It went that way for the next three weeks straight. Workouts swung from high to low as he criticized or praised, and my favorite time to be in the gym stayed very much the same.
But the company was oh so different than it had been for the majority of my life.
Sometimes we meshed and sometimes we didn’t, but we found a rhythm and routine. And I finally admitted to myself that I was happy to have him there—no matter how mixed up and jumbled he had my emotions.
He pushed, and I pushed back.
Somehow though, we managed to do it without knocking one another down.

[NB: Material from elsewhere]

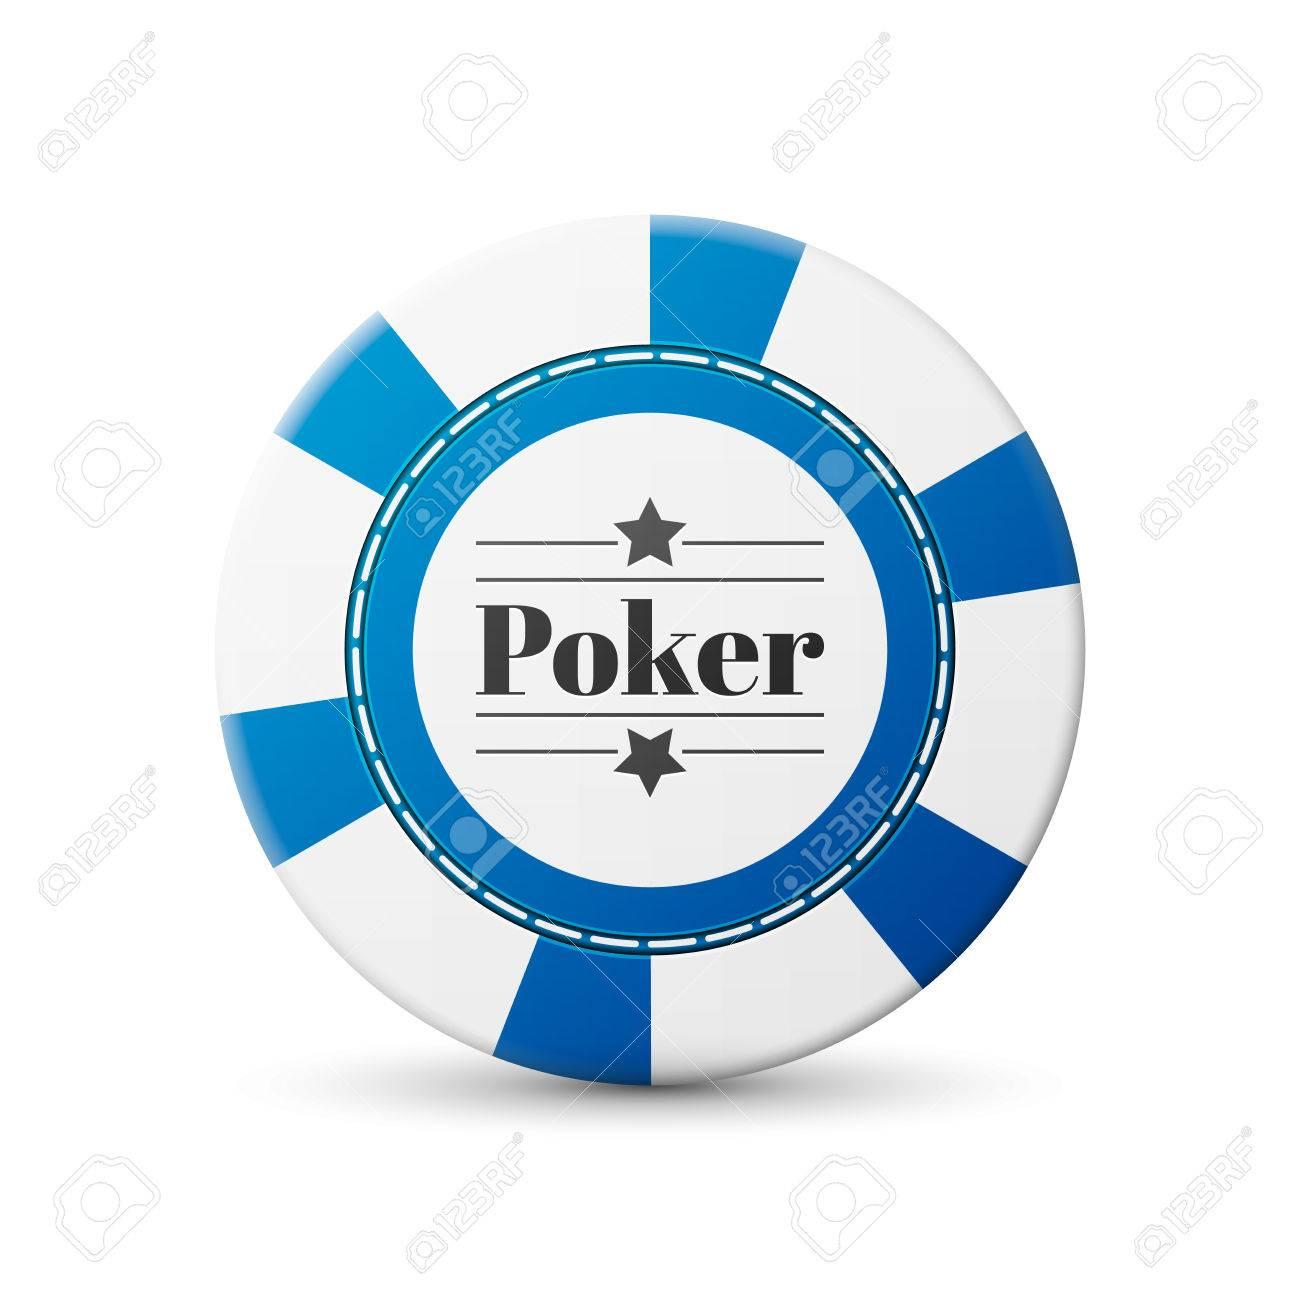 single blue casino chip isolated on white background - 43119036

Every night when we walked out of the building together, sweaty with laughter and endorphins buzzing deliriously from the exercise, he asked me to go somewhere with him.
Every night I said no.
But as he turned to me with hope in his handsome blue eyes, his stupid hair tucked away beneath his backward hat, I felt my tongue change direction. I fought it tooth and nail, scrapping and scraping and scratching at the image of my fleeting sanity.
I had my obsession with him managed at this point, but it carved a very tenuous edge. One I knew could be sharpened to the point of irreparable damage with just one night of recklessness.
“Callie.”
“Nik—” I started to say, very much knowing where he was going and needing to fight myself for conviction.
His eyes widened just slightly, the sad look of a puppy at the pound begging for a savior, weakening me at the knees and threatening to display all of my carefully hidden goo.
“Come with me. Please.”
The “please” sealed my coffin, each succulent letter driving in like an individual nail intending to secure my capture.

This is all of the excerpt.